Way back in May when I retired, I couldn't decide what the first day of retirement would really be. It wasn't that Memorial Day, the Monday after my last day of school, because I would have been off work that day ANYWAY. It wasn't any of the days after that, because I would have been off (theoretically anyway) for the whole summer.

Ultimately I decided my first official day of retirement would be the day I WOULD have gone back to school if I hadn't retired. I'm sure both of you were agonizing over that with me.

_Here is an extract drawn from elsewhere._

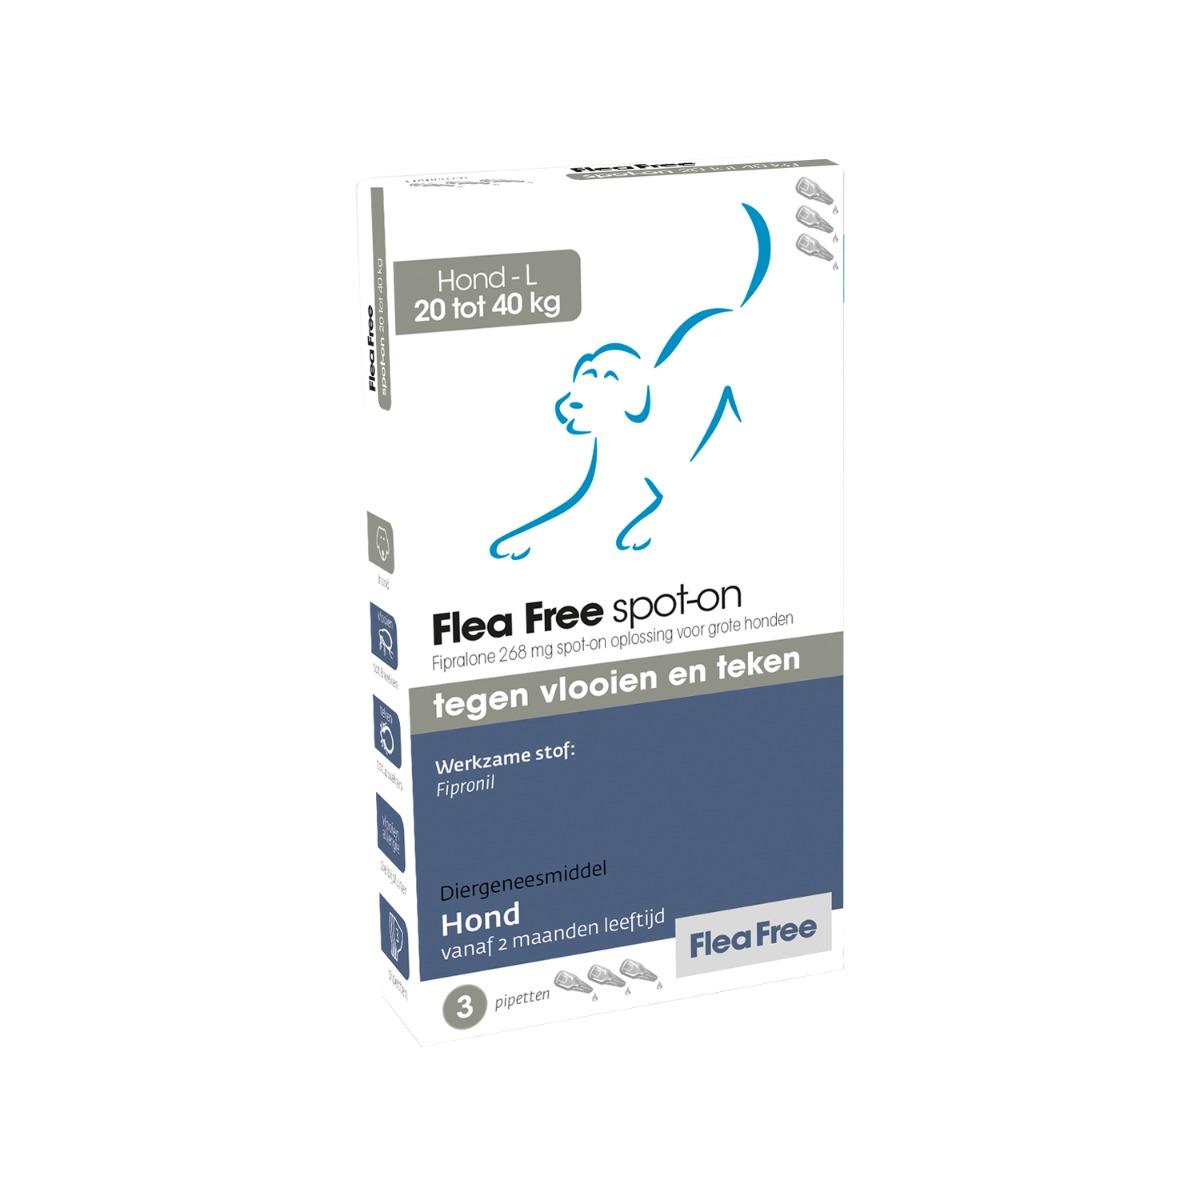 Flea Free Fipralone Spot-on Hund - 20 - 40 kg

I couldn't decide if I would feel a tremendous sense of freedom as the day approached, gloating (even if only in my mind) over the fact that a whole bunch of people had to go back to work and I DIDN'T. Or if I would feel nostalgic, missing my friends and wondering what I'm going to do with myself now that a huge part of my identity is finished. Kaput. Out of here.

When it was all said and done, how I felt was .....

I almost forgot. The day completely slipped up on me.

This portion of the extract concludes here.